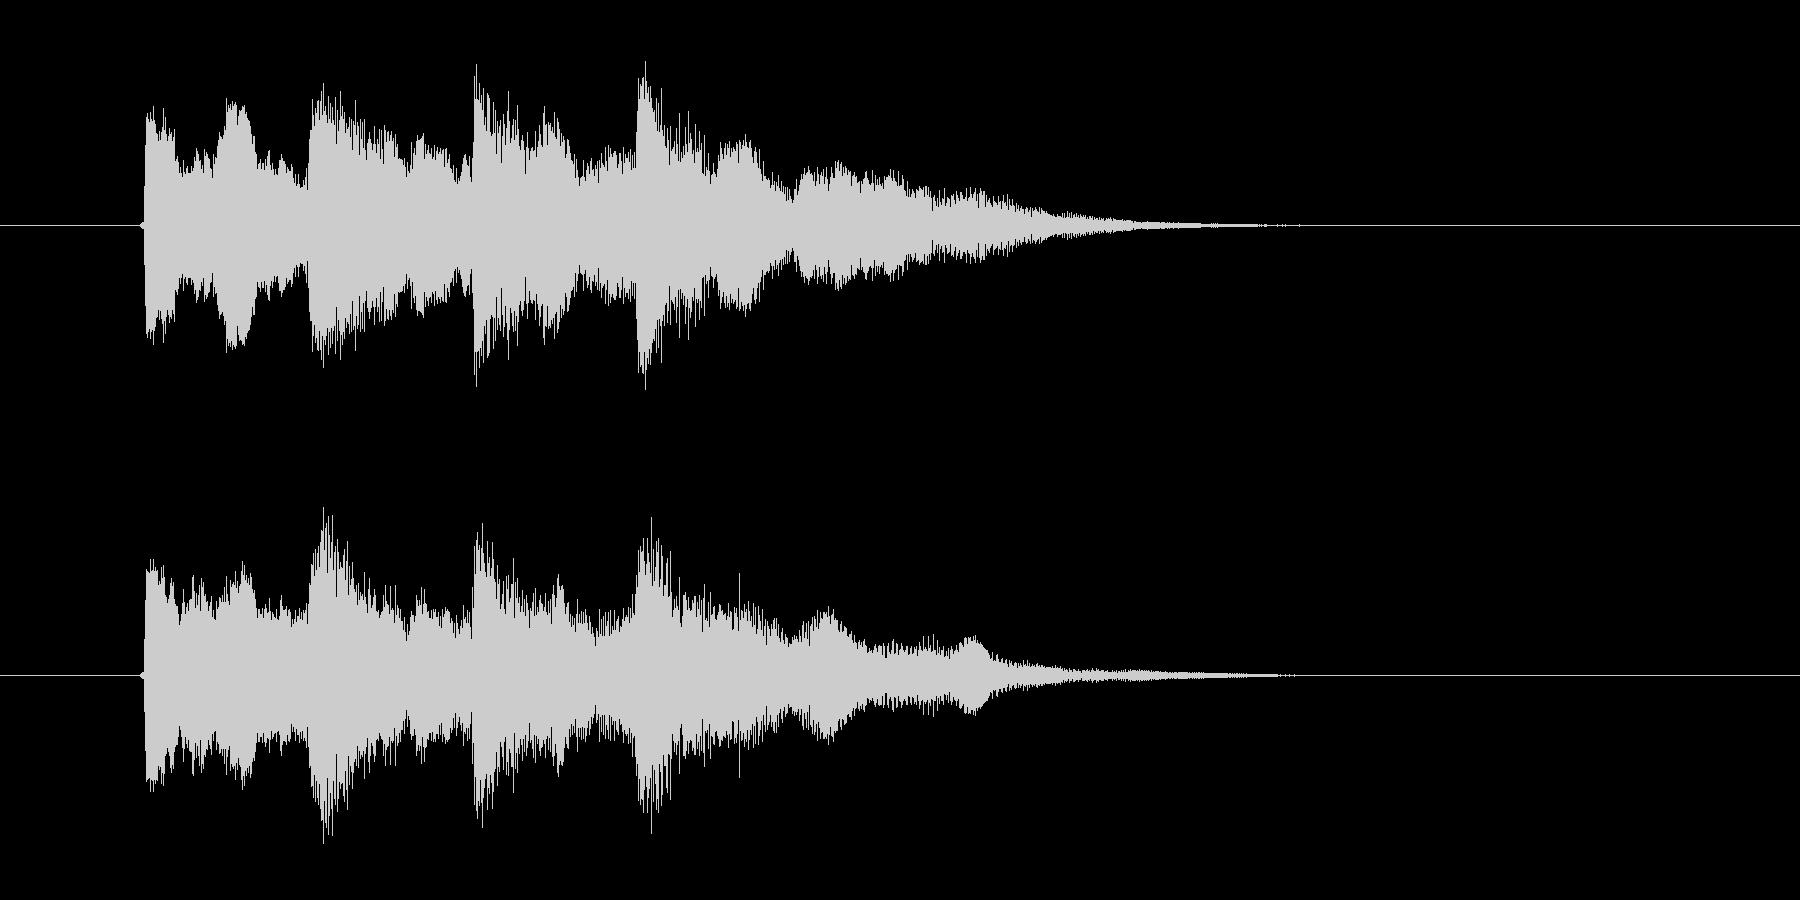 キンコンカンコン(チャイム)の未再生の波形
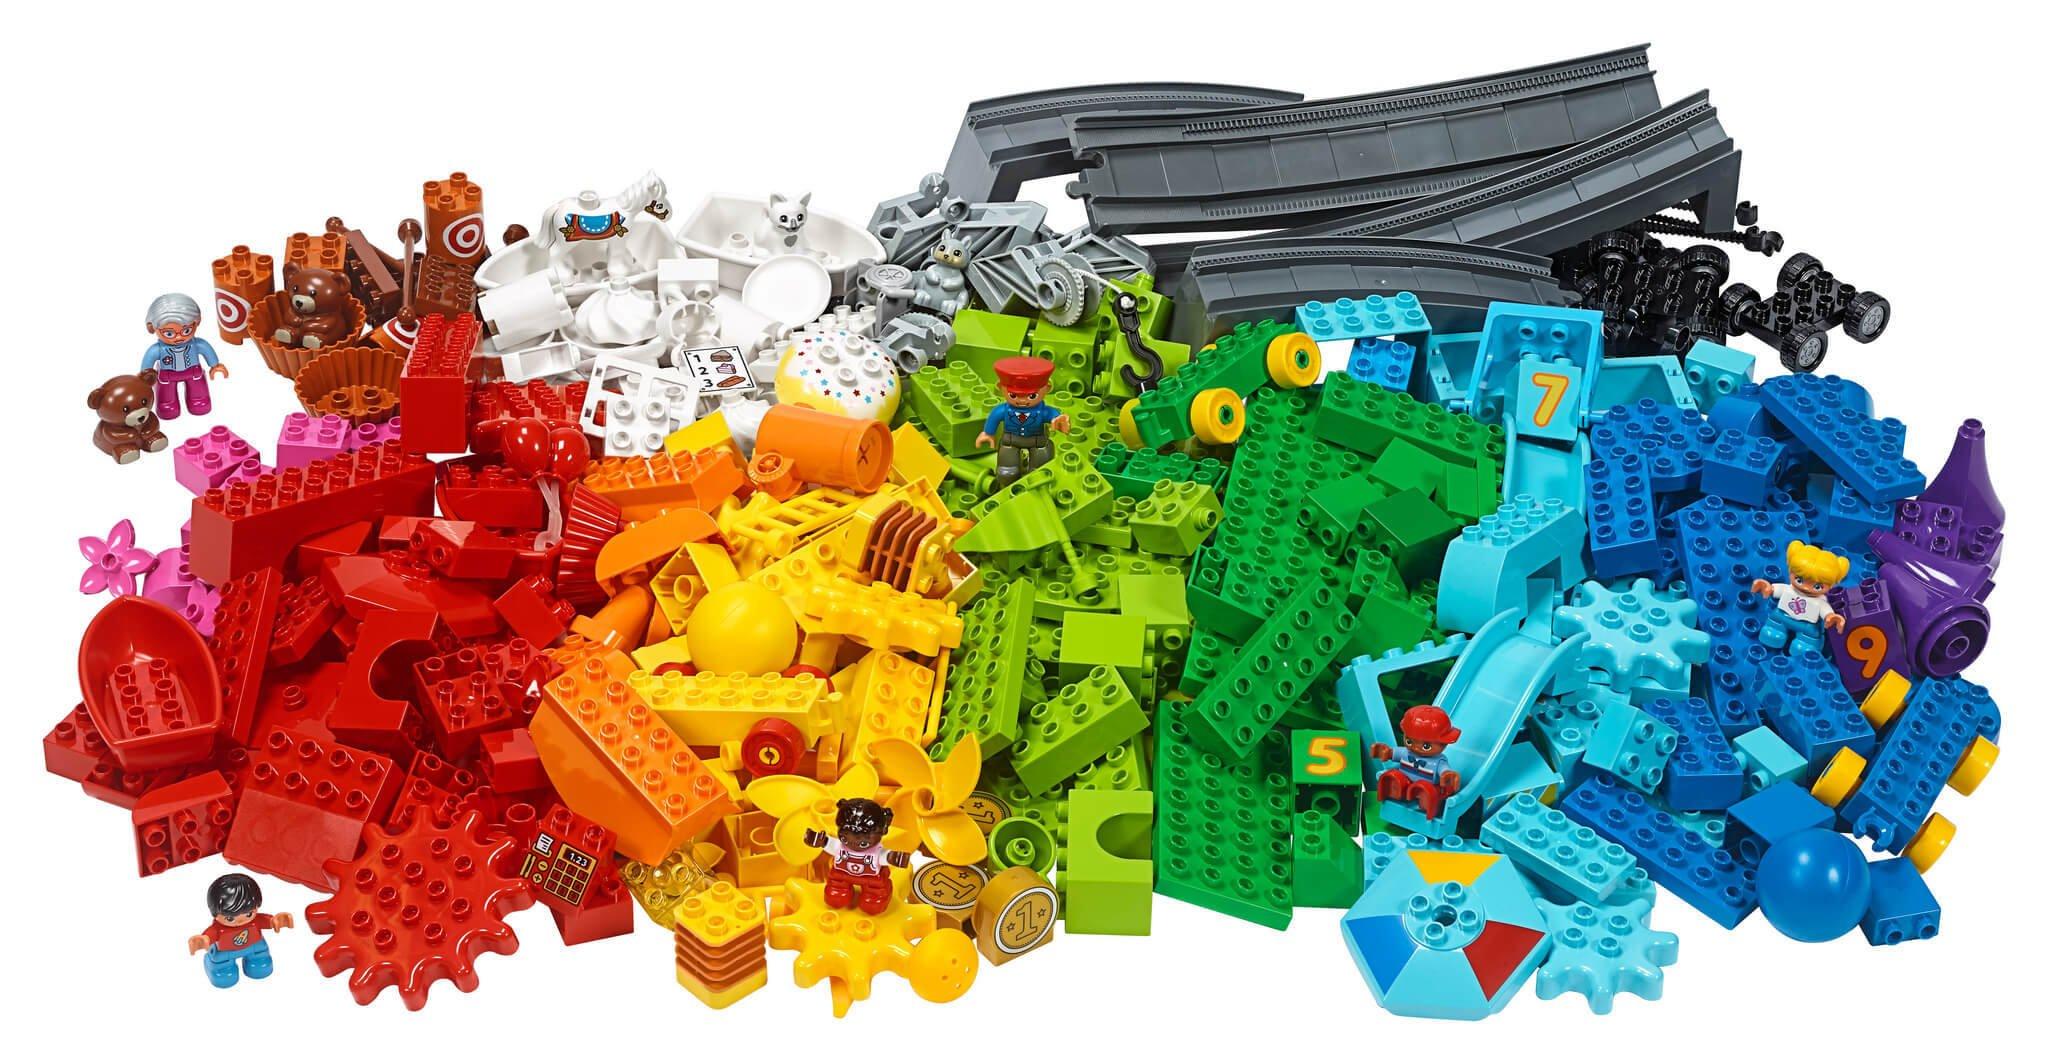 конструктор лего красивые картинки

--

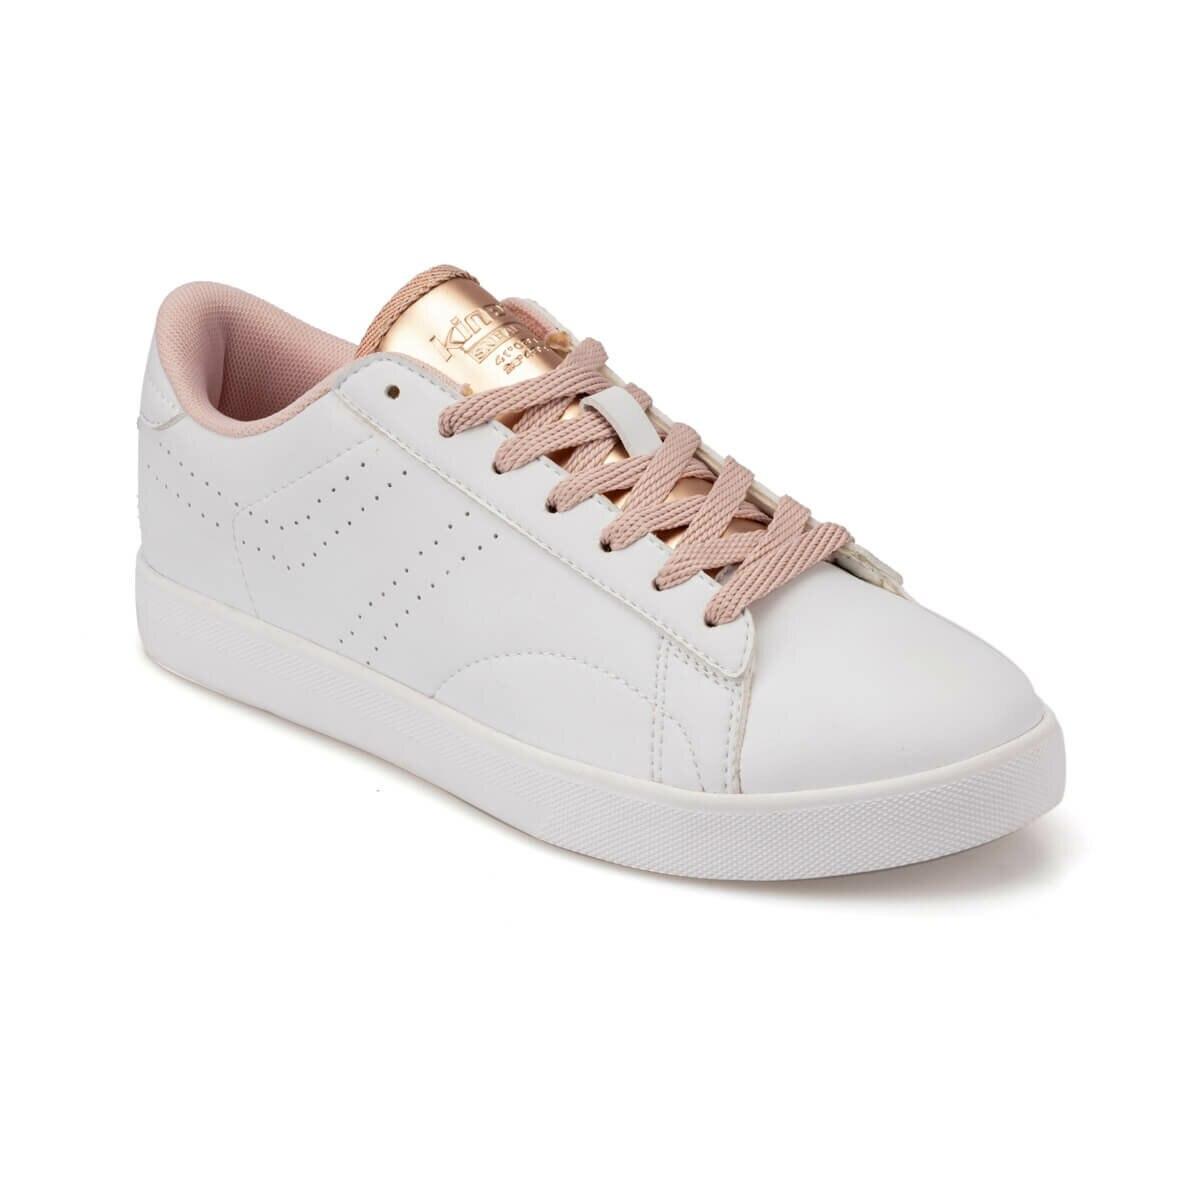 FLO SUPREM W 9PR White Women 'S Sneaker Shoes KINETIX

EXERCISE REQUIREMENTS ->
From the records above, copy exactly the lines starting at the one with "キンコンカンコン(チャイム)の未再生の波形" and ending at the one with "конструктор лего красивые картинки", and no others. Pictures stay out.

SOLUTION TO THIS PROBLEM ->
 キンコンカンコン(チャイム)の未再生の波形
 конструктор лего красивые картинки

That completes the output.